Hey. Great review. Very complete. That left tilt is interesting.


----------



## wildbill903 (Aug 11, 2007)

Thanks, Gizmo! I'm loving it so far.


----------



## gizmodyne (Mar 15, 2007)

Hi again.

I think you can buy metal knobs to replace the plastic ones. They should not cost too much either.


----------



## Kipster (Feb 15, 2008)

Nice review. Thank you.


----------



## deucefour (Jun 29, 2009)

Thanks, your review helps


----------



## a1Jim (Aug 9, 2008)

Good review


----------



## Geedubs (Jul 23, 2009)

I purchased a 36-714 used a few months ago and have been VERY pleased. I discovered quickly the value of thin kerf blades. Using them 'seemed' to pick up the hp. So far, it has handled everything I have thrown at it with aplumb.
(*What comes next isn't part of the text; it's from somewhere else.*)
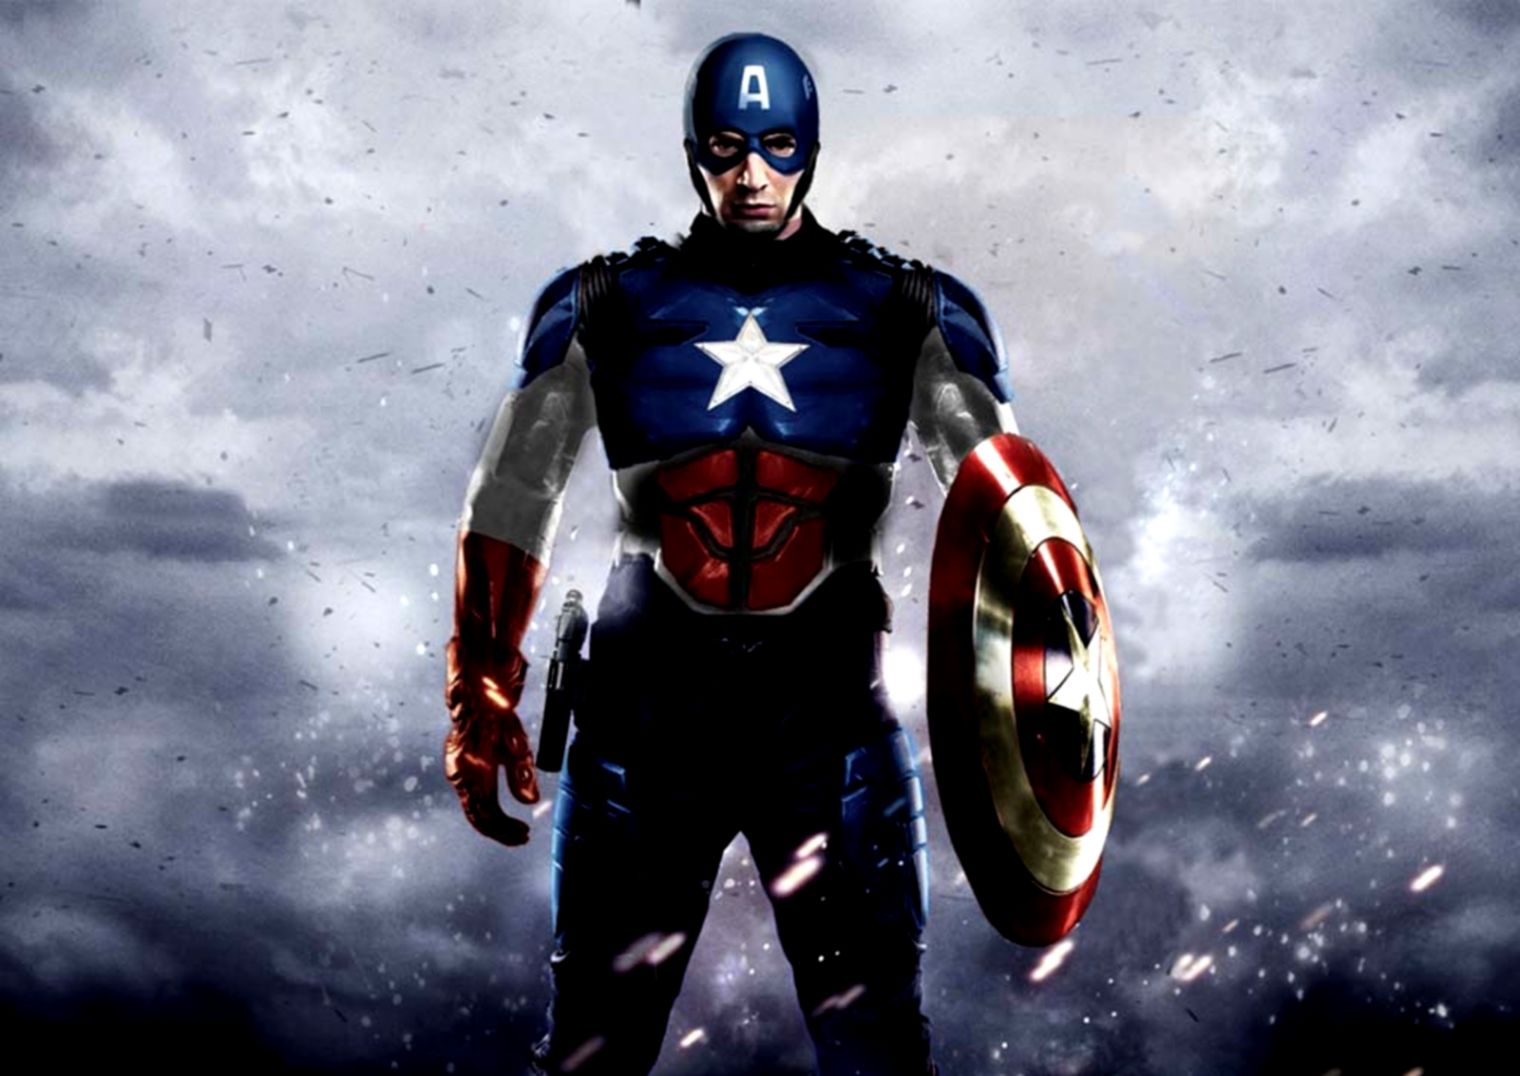 capitan america 바탕 화면,슈퍼 히어로,소설 속의 인물,캡틴 아메리카,영웅,액션 피규어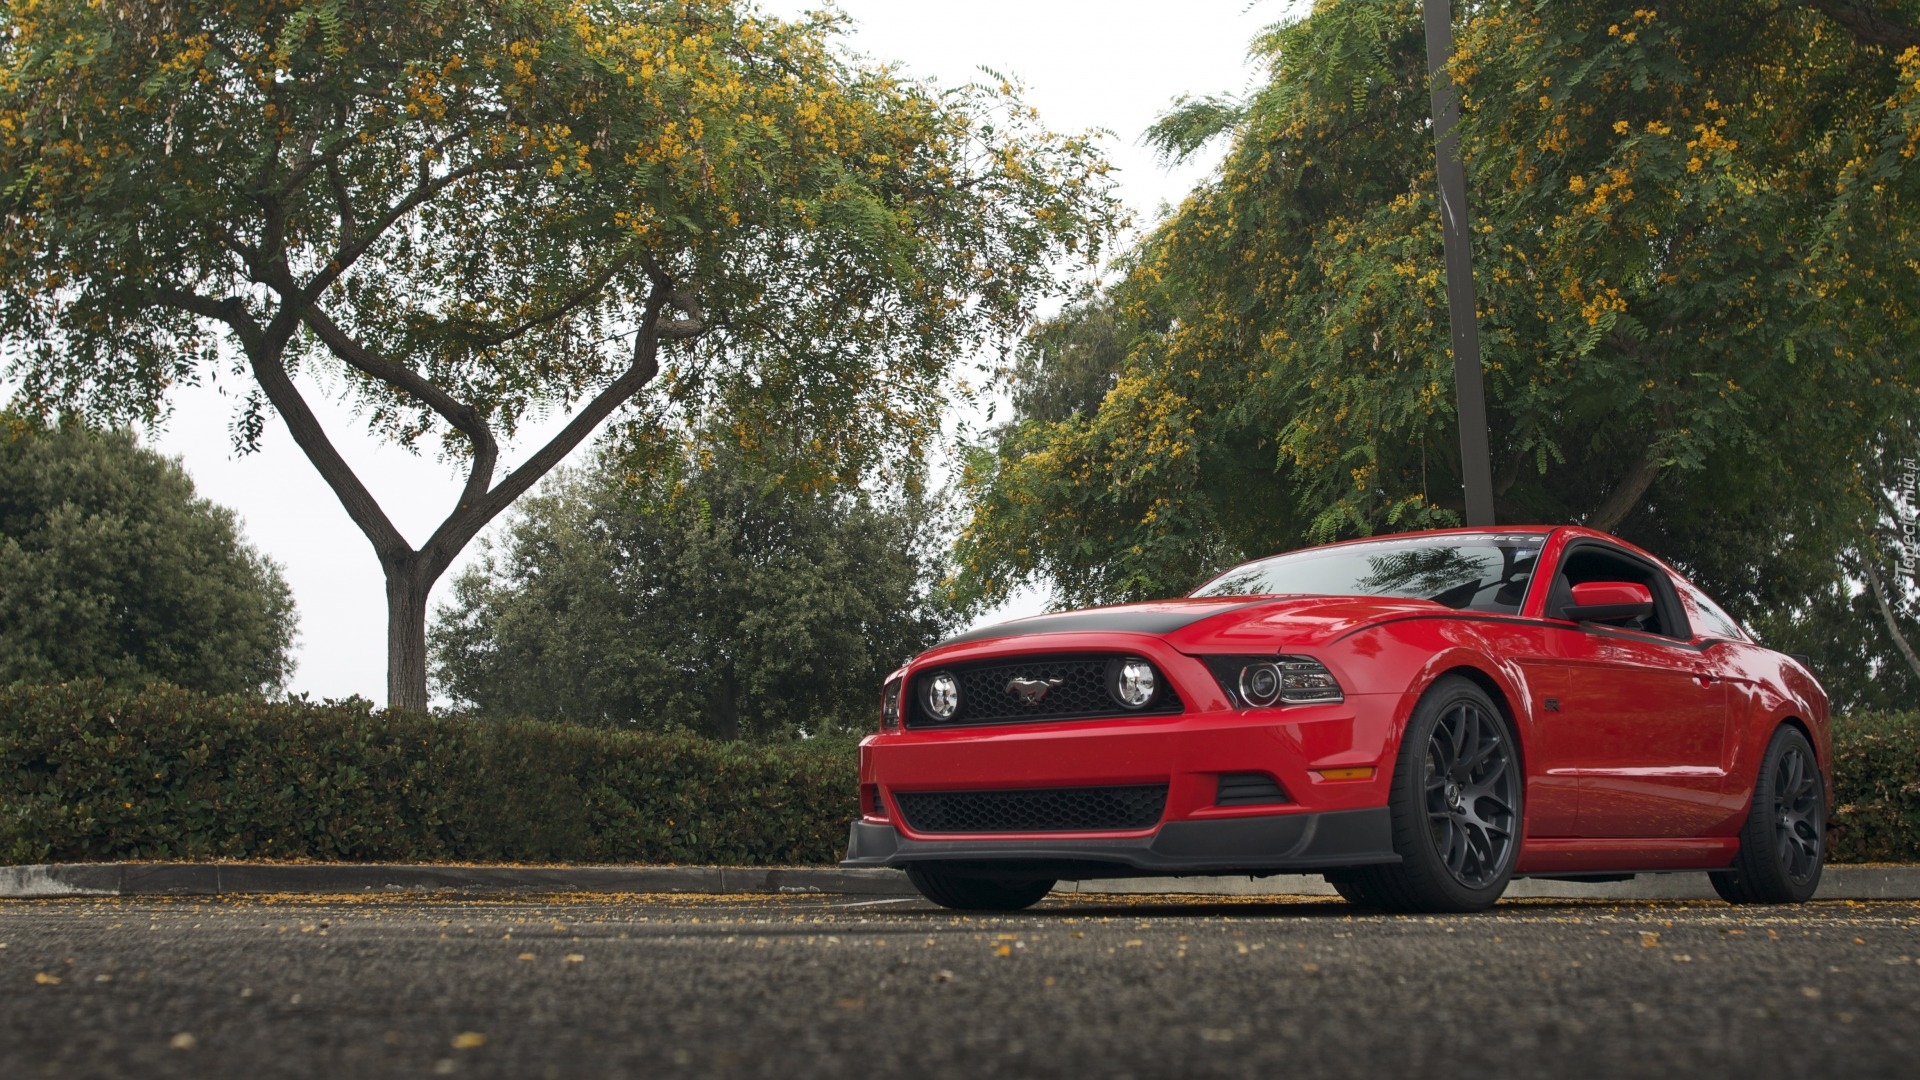 Ford Mustang, 2013, Czerwony

I just bought a new Grizzly tenoning jig and look forward to using it on this saw!


----------



## JoeLyddon (Apr 22, 2007)

How much do you think this saw would be worth today, June 2010?

In very good shape…

A fair price?

Thank you very much.


----------



## JoeLyddon (Apr 22, 2007)

A friend has one of these saws For Sale… but has not set a price on it…

If it's reasonable, I'd like to buy it…

... BUT, we can't get any idea of what it's worth.

Any help would sure be appreciated.

Thank you very much…


----------